Top of DATA SHOWN

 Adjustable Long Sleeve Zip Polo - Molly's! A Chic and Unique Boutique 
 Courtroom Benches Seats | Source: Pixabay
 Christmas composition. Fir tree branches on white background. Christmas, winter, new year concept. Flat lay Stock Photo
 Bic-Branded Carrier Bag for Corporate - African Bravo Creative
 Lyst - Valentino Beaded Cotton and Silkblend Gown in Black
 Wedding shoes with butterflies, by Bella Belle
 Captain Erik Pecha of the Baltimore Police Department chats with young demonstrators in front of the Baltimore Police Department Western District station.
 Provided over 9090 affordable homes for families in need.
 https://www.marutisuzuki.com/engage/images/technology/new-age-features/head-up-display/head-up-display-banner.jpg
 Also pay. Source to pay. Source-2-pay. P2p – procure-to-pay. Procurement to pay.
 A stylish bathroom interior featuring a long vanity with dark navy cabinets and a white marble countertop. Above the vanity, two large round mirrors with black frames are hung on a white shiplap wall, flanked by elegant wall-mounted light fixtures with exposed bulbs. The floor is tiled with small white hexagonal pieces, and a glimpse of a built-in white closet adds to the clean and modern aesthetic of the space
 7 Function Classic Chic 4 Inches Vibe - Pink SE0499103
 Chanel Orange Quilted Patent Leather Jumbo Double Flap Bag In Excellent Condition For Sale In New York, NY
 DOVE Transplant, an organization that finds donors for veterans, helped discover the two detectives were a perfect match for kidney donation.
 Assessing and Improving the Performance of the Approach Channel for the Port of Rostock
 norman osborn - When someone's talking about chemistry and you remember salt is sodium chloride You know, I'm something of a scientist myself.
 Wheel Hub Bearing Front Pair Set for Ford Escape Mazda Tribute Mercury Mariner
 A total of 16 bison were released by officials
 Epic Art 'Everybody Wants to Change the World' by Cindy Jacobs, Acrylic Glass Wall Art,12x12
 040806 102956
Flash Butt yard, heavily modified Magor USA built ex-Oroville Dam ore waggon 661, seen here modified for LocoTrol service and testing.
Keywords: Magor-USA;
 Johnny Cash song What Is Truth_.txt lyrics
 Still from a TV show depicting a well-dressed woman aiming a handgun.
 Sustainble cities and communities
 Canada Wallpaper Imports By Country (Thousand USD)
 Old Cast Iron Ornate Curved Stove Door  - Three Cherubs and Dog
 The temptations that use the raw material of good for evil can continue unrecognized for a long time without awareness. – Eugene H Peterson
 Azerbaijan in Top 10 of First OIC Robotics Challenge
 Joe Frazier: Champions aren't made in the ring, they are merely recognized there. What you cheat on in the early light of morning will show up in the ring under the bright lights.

Bottom of DATA SHOWN

• ABOUT THIS EXERCISE
Reproduce every line of the material above exactly.

• THE COMPLETED TASK
 Adjustable Long Sleeve Zip Polo - Molly's! A Chic and Unique Boutique 
 Courtroom Benches Seats | Source: Pixabay
 Christmas composition. Fir tree branches on white background. Christmas, winter, new year concept. Flat lay Stock Photo
 Bic-Branded Carrier Bag for Corporate - African Bravo Creative
 Lyst - Valentino Beaded Cotton and Silkblend Gown in Black
 Wedding shoes with butterflies, by Bella Belle
 Captain Erik Pecha of the Baltimore Police Department chats with young demonstrators in front of the Baltimore Police Department Western District station.
 Provided over 9090 affordable homes for families in need.
 https://www.marutisuzuki.com/engage/images/technology/new-age-features/head-up-display/head-up-display-banner.jpg
 Also pay. Source to pay. Source-2-pay. P2p – procure-to-pay. Procurement to pay.
 A stylish bathroom interior featuring a long vanity with dark navy cabinets and a white marble countertop. Above the vanity, two large round mirrors with black frames are hung on a white shiplap wall, flanked by elegant wall-mounted light fixtures with exposed bulbs. The floor is tiled with small white hexagonal pieces, and a glimpse of a built-in white closet adds to the clean and modern aesthetic of the space
 7 Function Classic Chic 4 Inches Vibe - Pink SE0499103
 Chanel Orange Quilted Patent Leather Jumbo Double Flap Bag In Excellent Condition For Sale In New York, NY
 DOVE Transplant, an organization that finds donors for veterans, helped discover the two detectives were a perfect match for kidney donation.
 Assessing and Improving the Performance of the Approach Channel for the Port of Rostock
 norman osborn - When someone's talking about chemistry and you remember salt is sodium chloride You know, I'm something of a scientist myself.
 Wheel Hub Bearing Front Pair Set for Ford Escape Mazda Tribute Mercury Mariner
 A total of 16 bison were released by officials
 Epic Art 'Everybody Wants to Change the World' by Cindy Jacobs, Acrylic Glass Wall Art,12x12
 040806 102956
Flash Butt yard, heavily modified Magor USA built ex-Oroville Dam ore waggon 661, seen here modified for LocoTrol service and testing.
Keywords: Magor-USA;
 Johnny Cash song What Is Truth_.txt lyrics
 Still from a TV show depicting a well-dressed woman aiming a handgun.
 Sustainble cities and communities
 Canada Wallpaper Imports By Country (Thousand USD)
 Old Cast Iron Ornate Curved Stove Door  - Three Cherubs and Dog
 The temptations that use the raw material of good for evil can continue unrecognized for a long time without awareness. – Eugene H Peterson
 Azerbaijan in Top 10 of First OIC Robotics Challenge
 Joe Frazier: Champions aren't made in the ring, they are merely recognized there. What you cheat on in the early light of morning will show up in the ring under the bright lights.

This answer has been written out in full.